I'm having a frustrating problem that I can't reproduce (I wish I could). I've generated dendrograms with three ecological datasets, using the same code but unique objects for each. Each leaf in the dendrograms is a survey plot, with species presence/abundance driving the clustering.
I cut the dendrogram into 3 groups, and color code each group. This works for fine for all three datasets when clustering using Euclidean distance, and for two of my datasets when using Bray-Curtis distance. However: the third dataset clusters two leaves when using Bray-Curtis, and forces the color code to recycle, creating k = 4 groups despite specifying k = 3.
My question is: why would two leaves (plots) be forced into their own 'cluster,' and force the dendrogram to have 4 clusters when I've specified k = 3 groups?

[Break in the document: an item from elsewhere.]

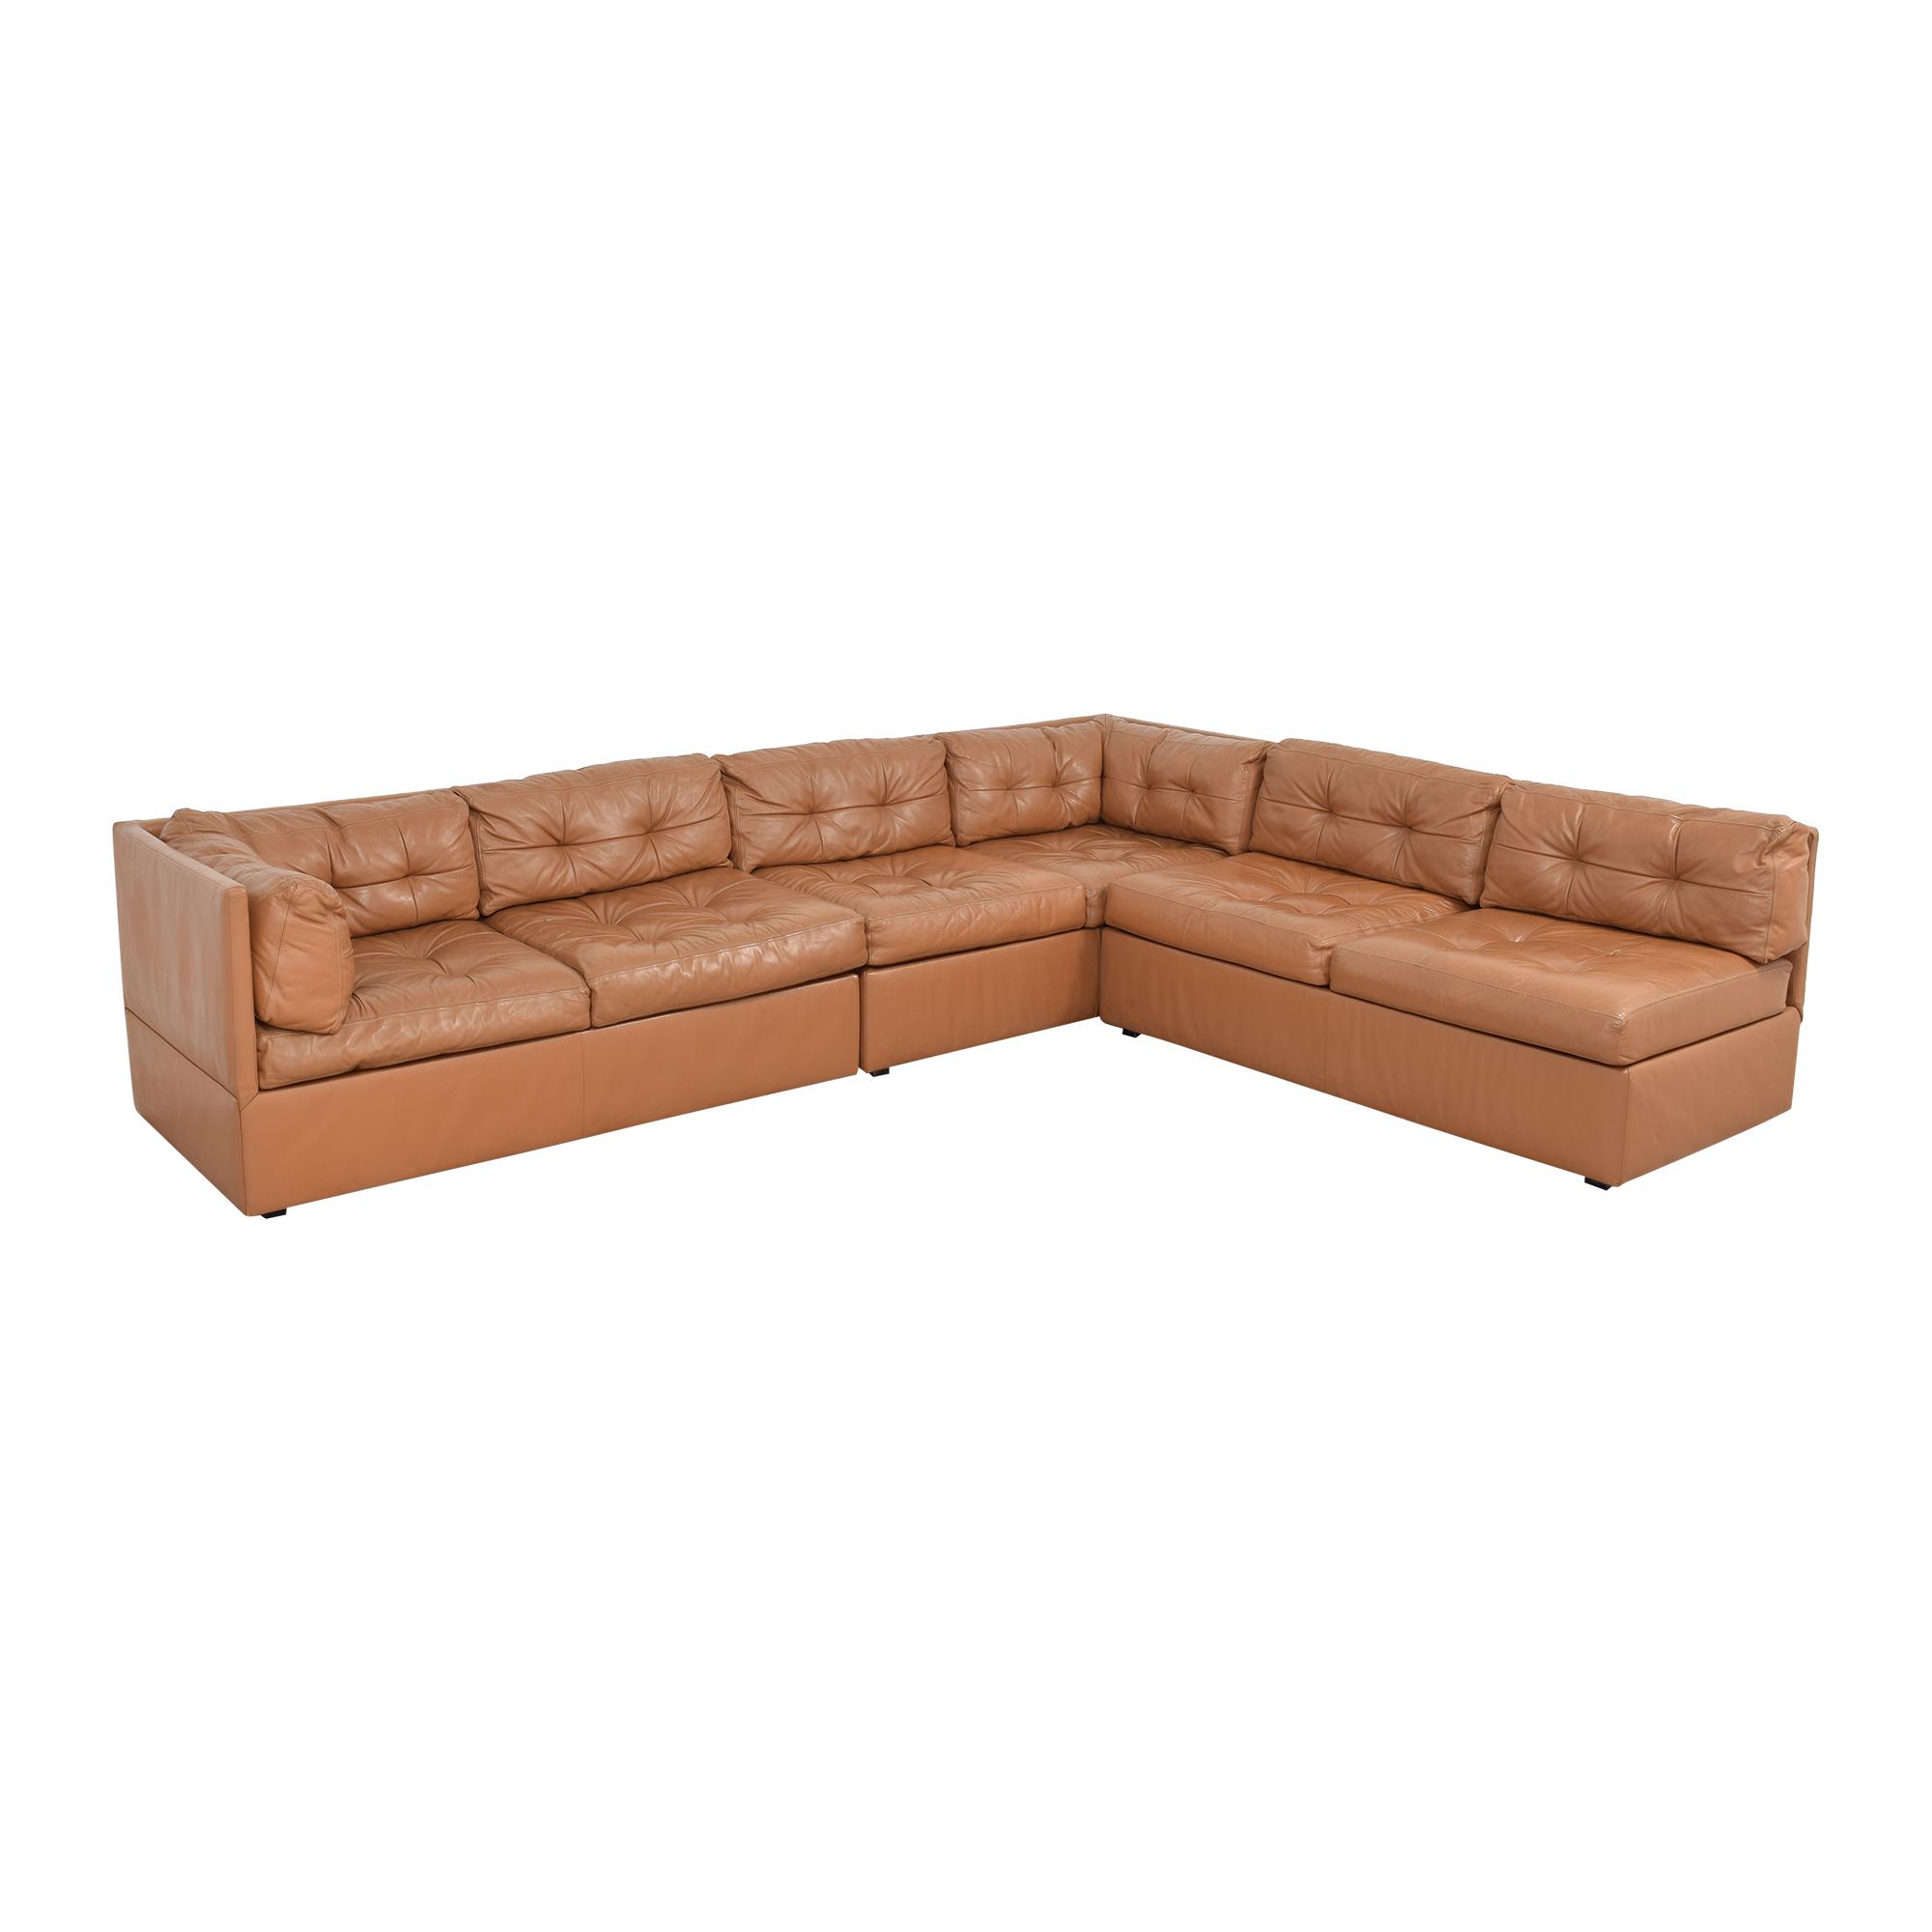 L-Shaped Sectional Sofa pa

I've pasted below an example of the code, and images of the "correct" and "wrong" dendrograms. Curious if anyone has any troubleshooting suggestions, since I can't offer code that reproduces this error. TIA.
I've tried:
- removing the custom color value (no effect, still get 4 clusters when k = 3).
- adding a cutree argument to the 'dend' object, but this produces error 'Error in stats::cutree(tree, k = k, h = h, ...) : the 'height' component of 'tree' is not sorted (increasingly)'
Example code (same format with unique objects used for each dendrogram figure). Please access csv from https://drive.google.com/file/d/12eXIXVuHTu4BLGxcGu18bqhT85ZOHkNW/view?usp=sharing. See file clusterdata.csv for the troublesome dataset. Colnames are species; rows are plot ID; values are cover class bins (0 = absent, 1 = < 25%, 2 = 25-50%, etc.)
#library(dendextend)
d <- read.csv("clusterdata.csv")
dend <- d %>%
vegdist(method = "bray") %>%
hclust(method = "ward.D") %>%
# cutree(h = 3) %>%
as.dendrogram()
mycol <- c("#009E73", "#0072B2", "#E69F00")
dend.plot <- as.dendrogram(dend) %>%
set("branches_lwd", 2) %>% # Branches line width
set("branches_k_color", mycol, k = 3) %>% # Color branches by groups
set("labels_cex", 0.5) # Change label size
plot(dend.plot, ylab = "Bray-Curtis Distance", main = "why would clusters be different?")